Although some species do fine if they are moved when their legs are locked in the silk, moving some species at this time is a death sentence. Monarch caterpillars normally do well when moved while they are molting.
Although caterpillars grow, their skin/cuticle does not grow. This would present a dilemma if it was not for the fact that caterpillars molt.
At a certain point in growth, they lay a mat of silk on an object and lightly lock their legs into it. They release enzymes that dissolve the inner layer of their cuticle. After about a day, the caterpillar’s cuticle splits above the thorax and the caterpillar literally crawls out. Underneath is a new cuticle, a bit baggier and will fill out to a larger size.
It is fairly obvious when a caterpillar is preparing to molt.
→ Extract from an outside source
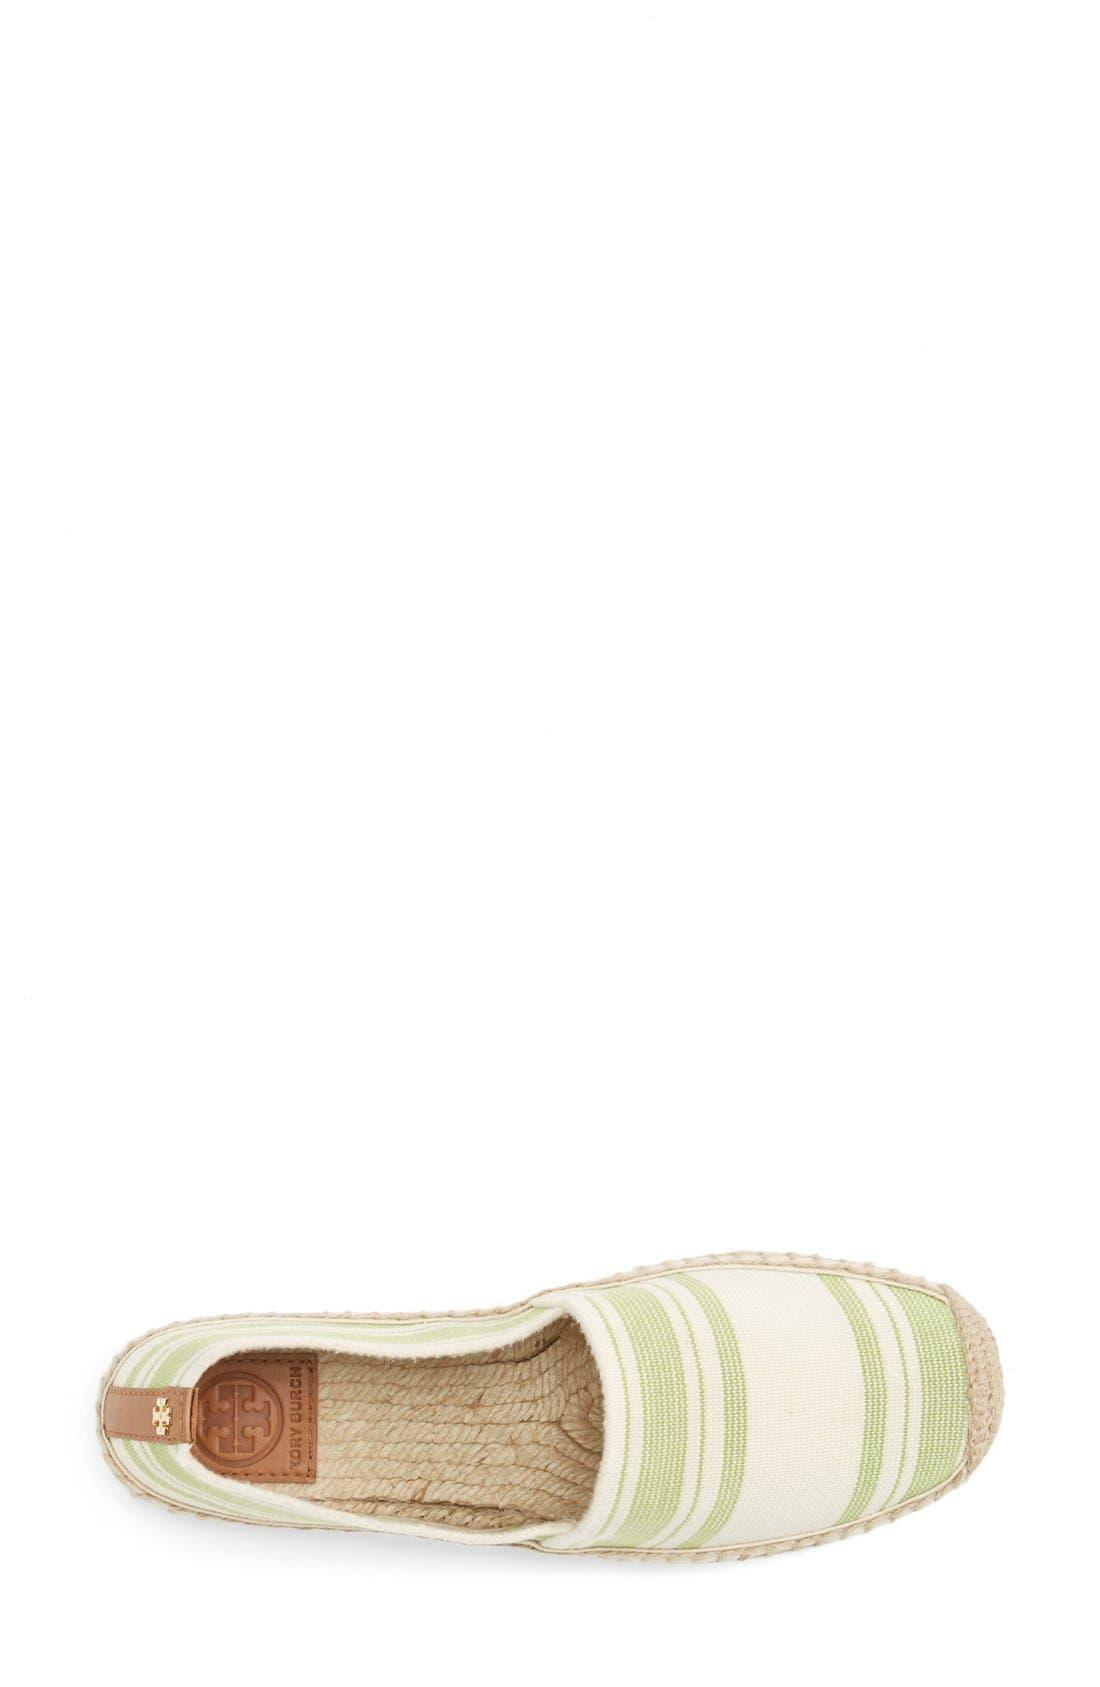 Alternate Image 3  - Tory Burch Stripe Espadrille Flat (Women)

They withdraw their heads from their head capsules, causing a larger bulge than normal behind the head capsule.
The old head capsule sits on the face of the caterpillar, much like a doctor’s mask.
The caterpillar literally crawls out of its cuticle, raising its hind prolegs high to completely leave the old cuticle behind.
Some species will eat their old cuticle. Others will leave it behind.
A few species leave their old cuticles behind in this manner (below). The old cuticles look as if the caterpillars died and are just dried up, hanging from the plant.
Many species leave their host plants to molt. This can cause confusion to enthusiasts who find a new-to-them species of caterpillar and aren’t sure what to feed them. Gulf Fritillary caterpillars are notorious for molting off their plants.